The entire listing, reproduced exactly and stripped of images, is the expected output.

(Supplied material Opens)

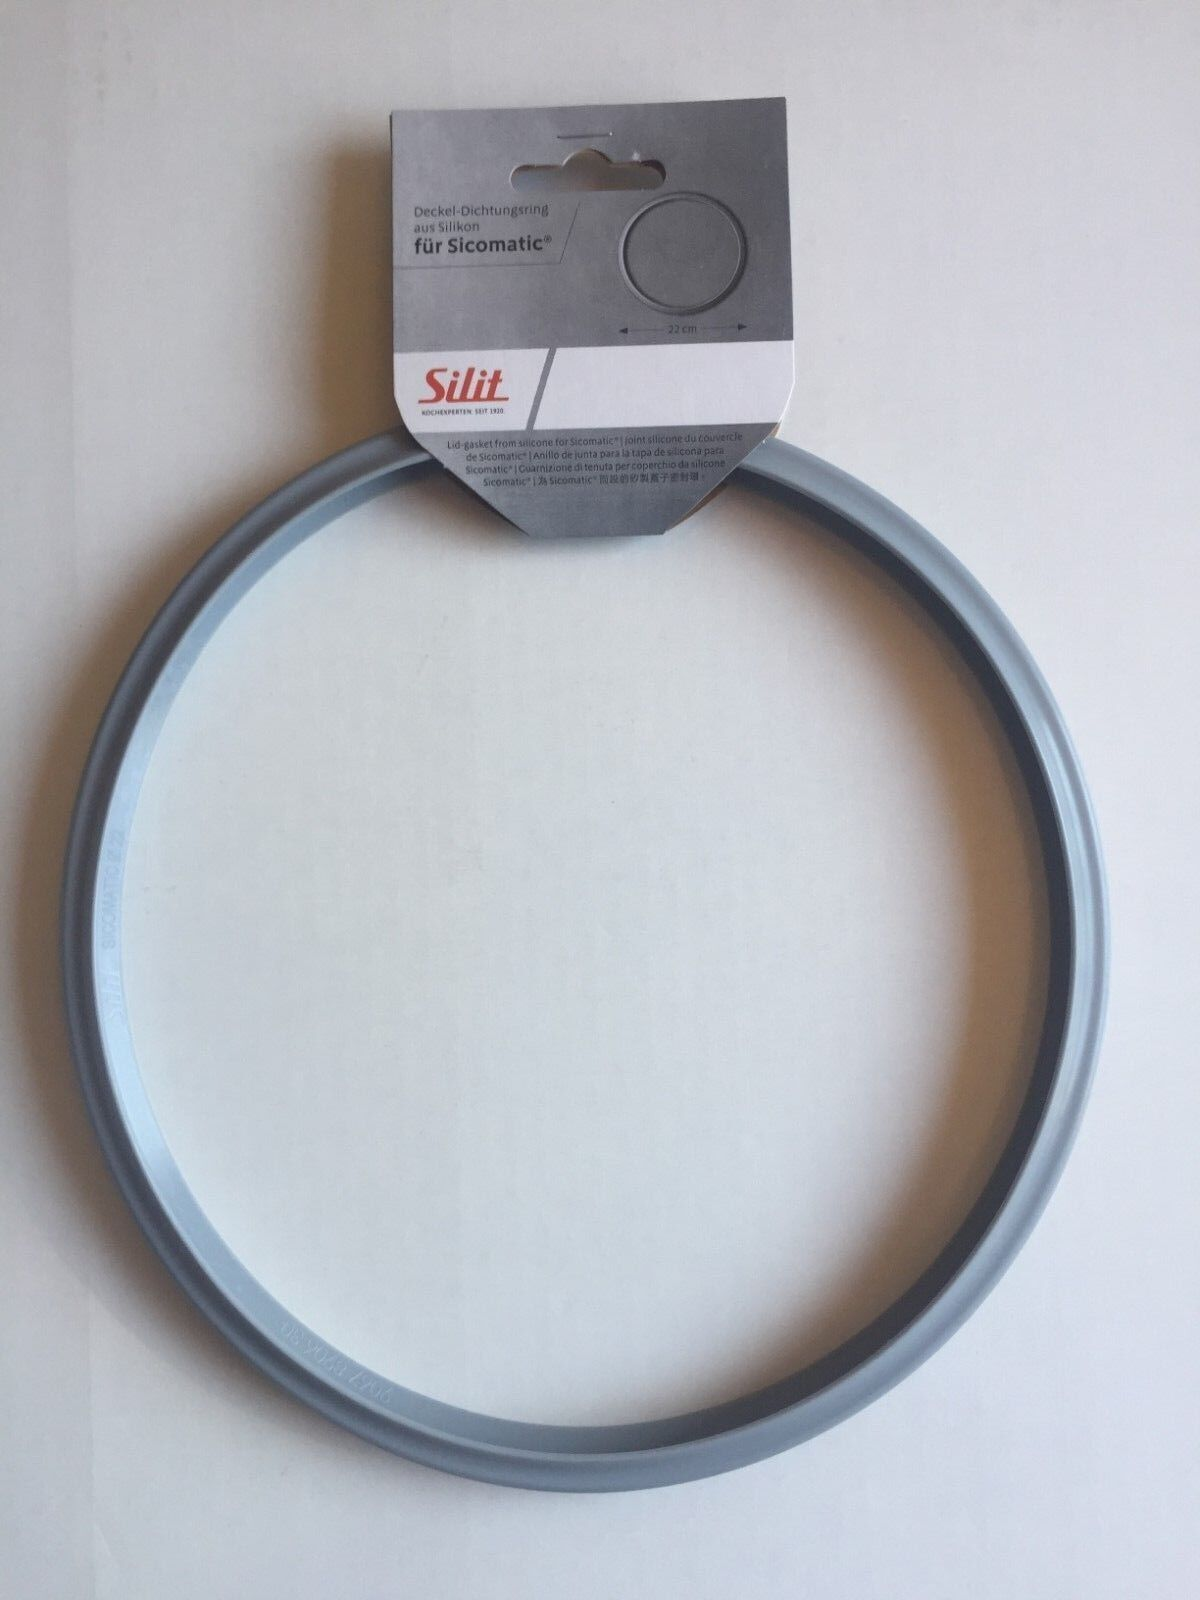 Silit Original Dichtungsring Ø 22 cm Sicomatic Schnellkochtopf - NEU - Silikon -
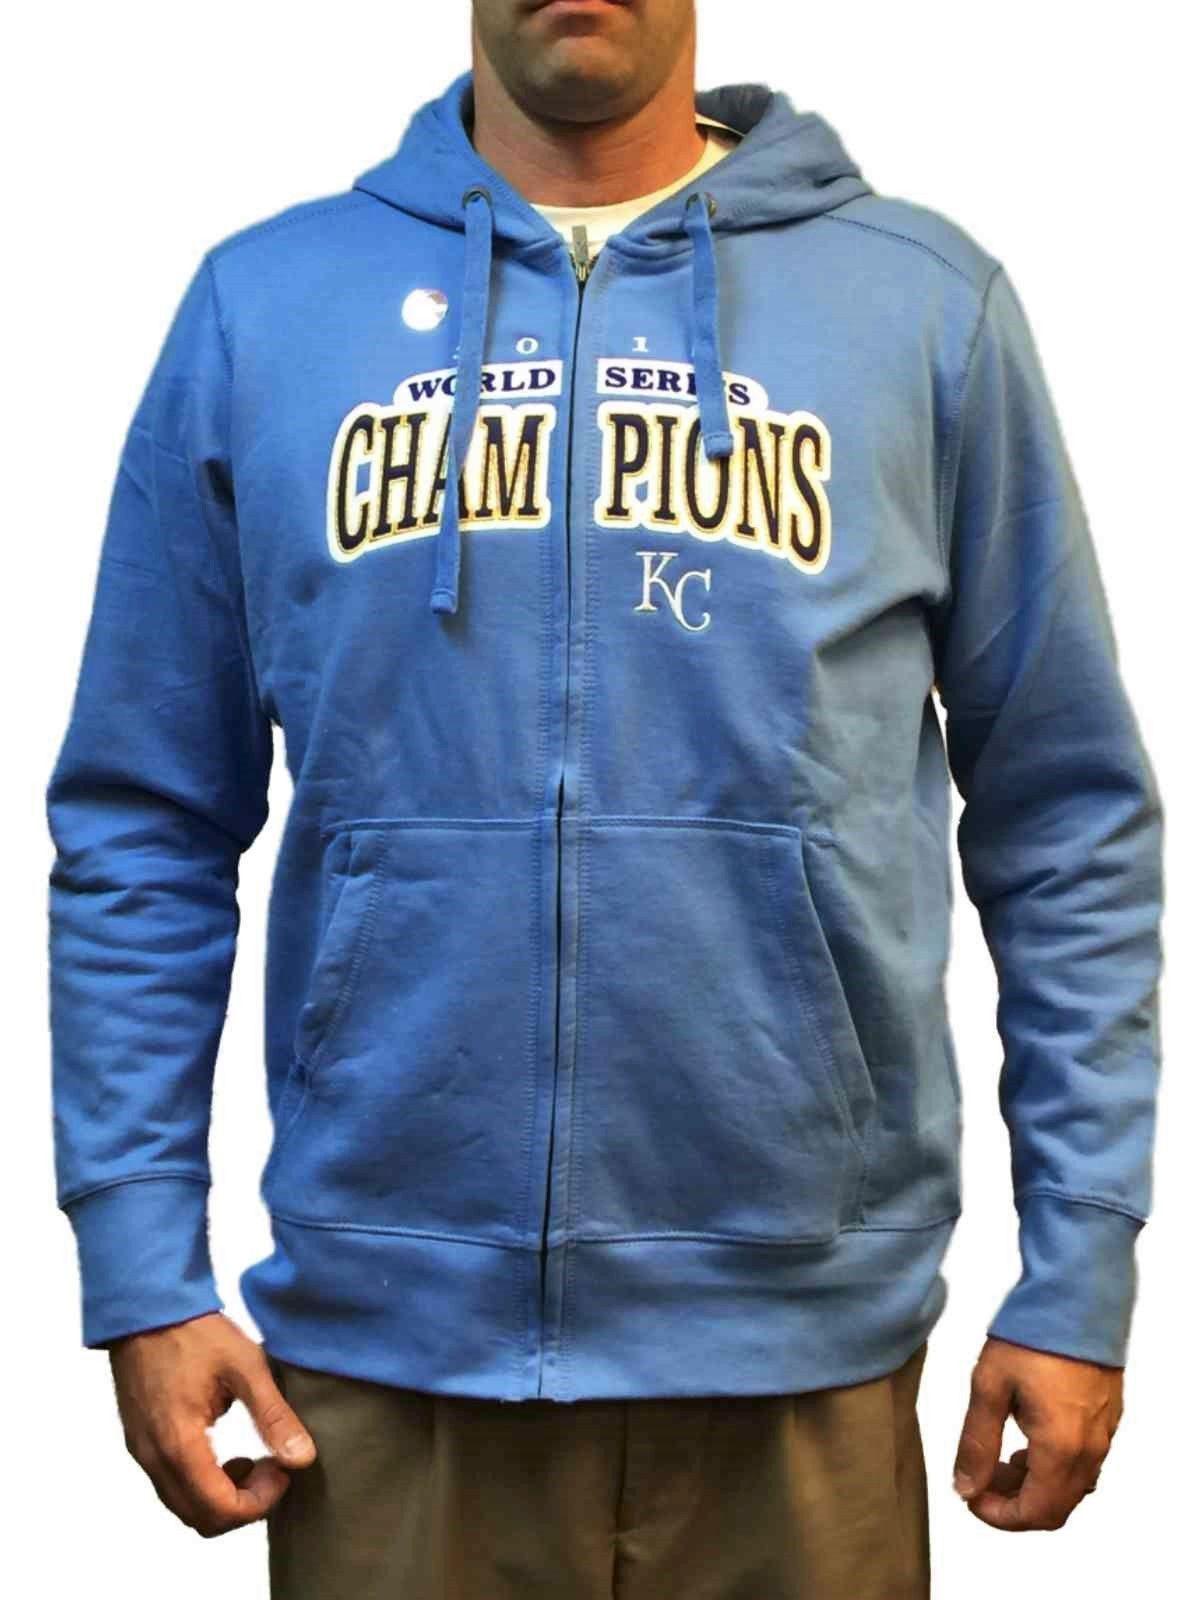 Kansas City Royals Antigua 2015 World Series Champions Hoodie Jacket  Sweatshirt
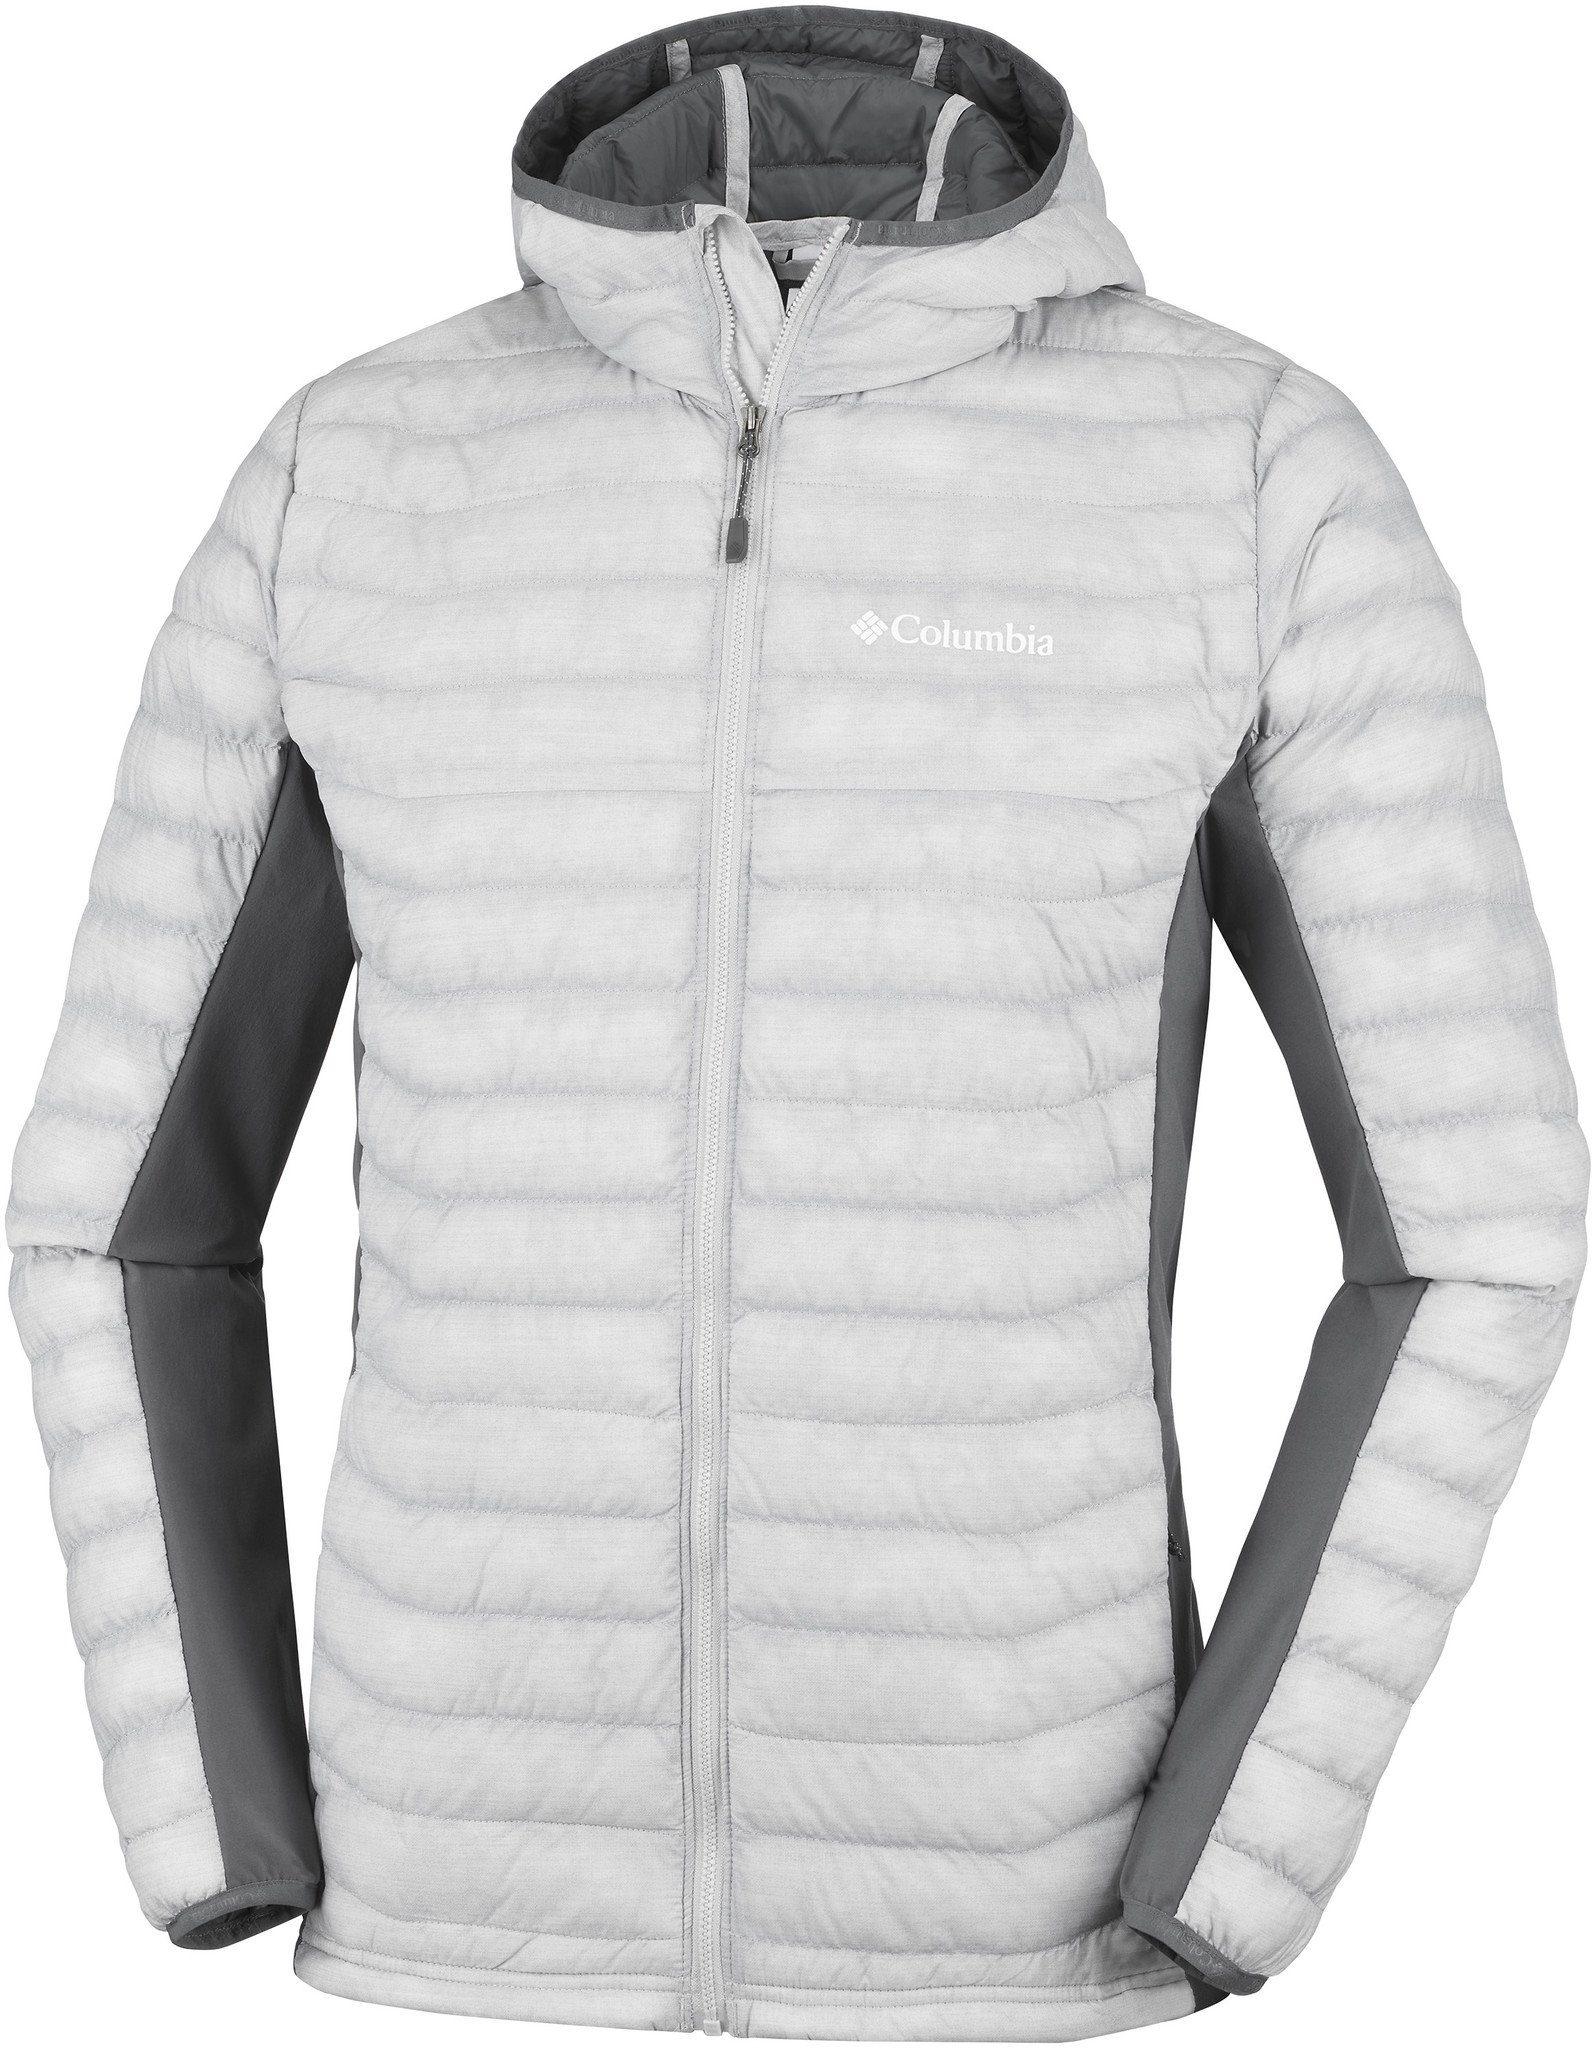 kaufenOTTO »Powder 2019 Columbia online Hooded Outdoorjacke Light Herren«Modelljahr Lite Jacket v0NmnOy8w
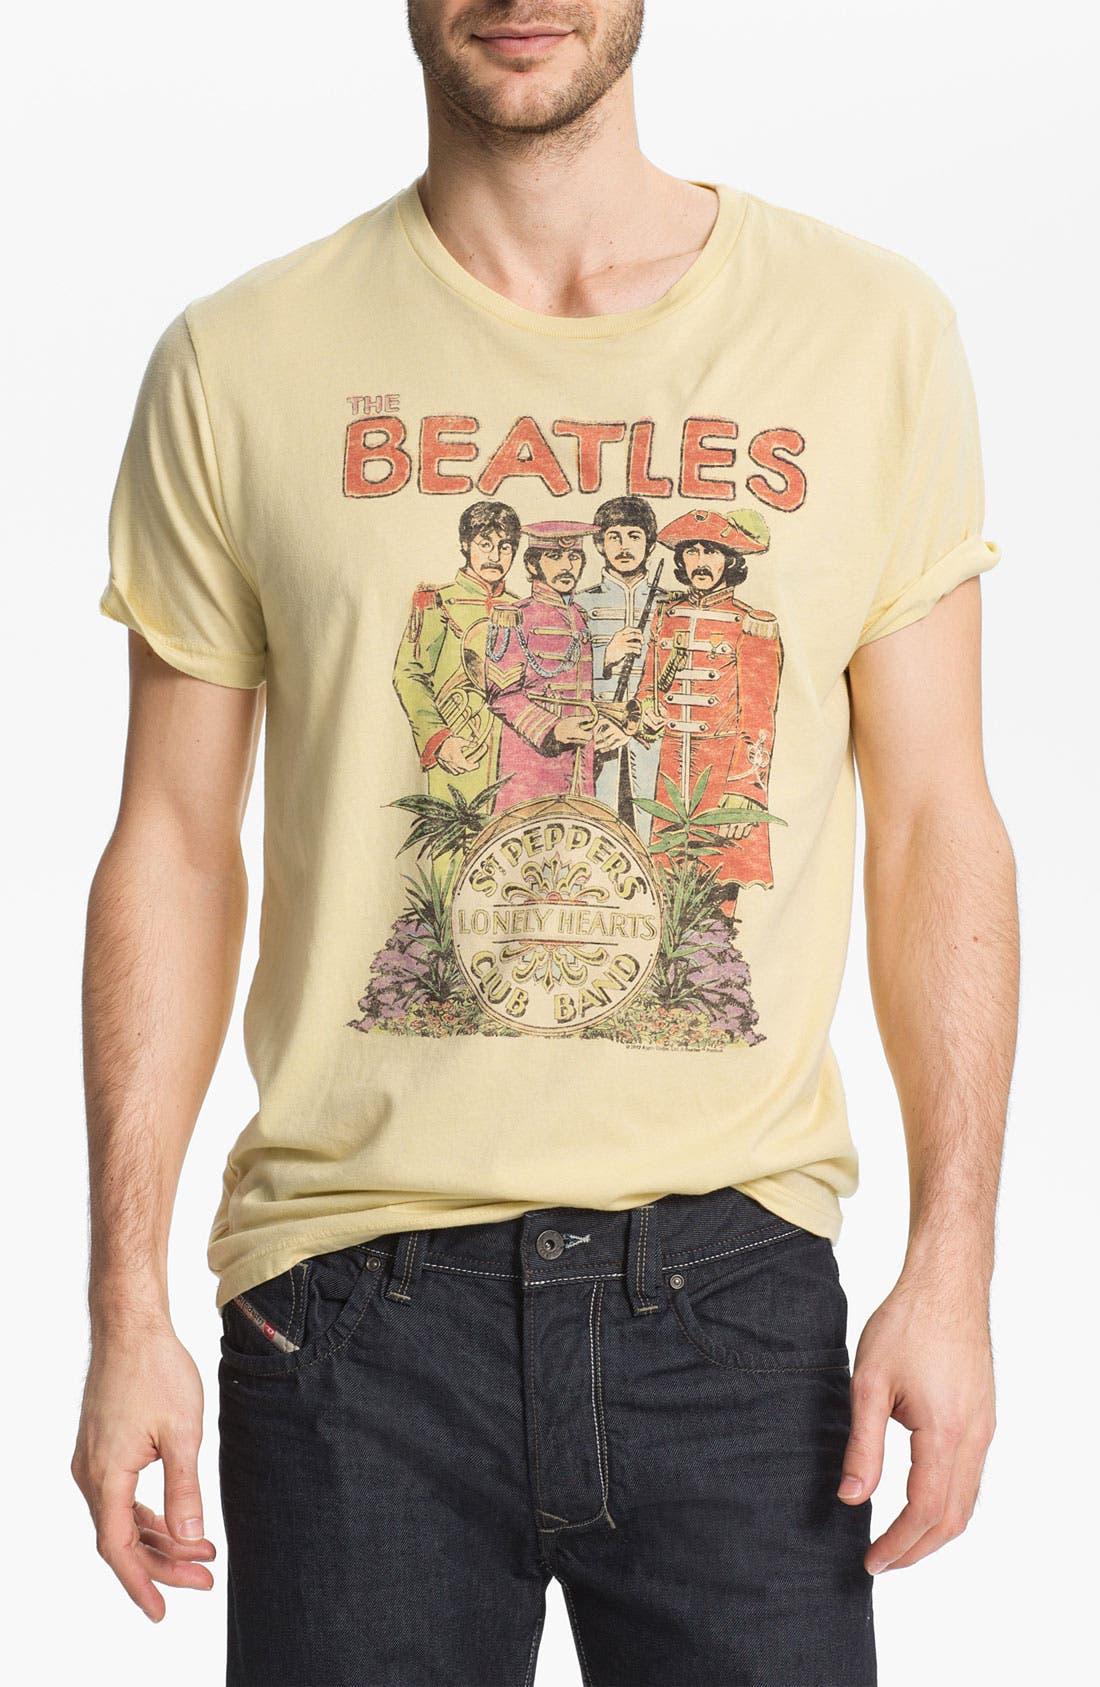 Alternate Image 1 Selected - Junk Food 'The Beatles' Graphic T-shirt

(Supplied material Closes)

Response below:
 Silit Original Dichtungsring Ø 22 cm Sicomatic Schnellkochtopf - NEU - Silikon -
 Kansas City Royals Antigua 2015 World Series Champions Hoodie Jacket  Sweatshirt
 kaufenOTTO »Powder 2019 Columbia online Hooded Outdoorjacke Light Herren«Modelljahr Lite Jacket v0NmnOy8w
 Alternate Image 1 Selected - Junk Food 'The Beatles' Graphic T-shirt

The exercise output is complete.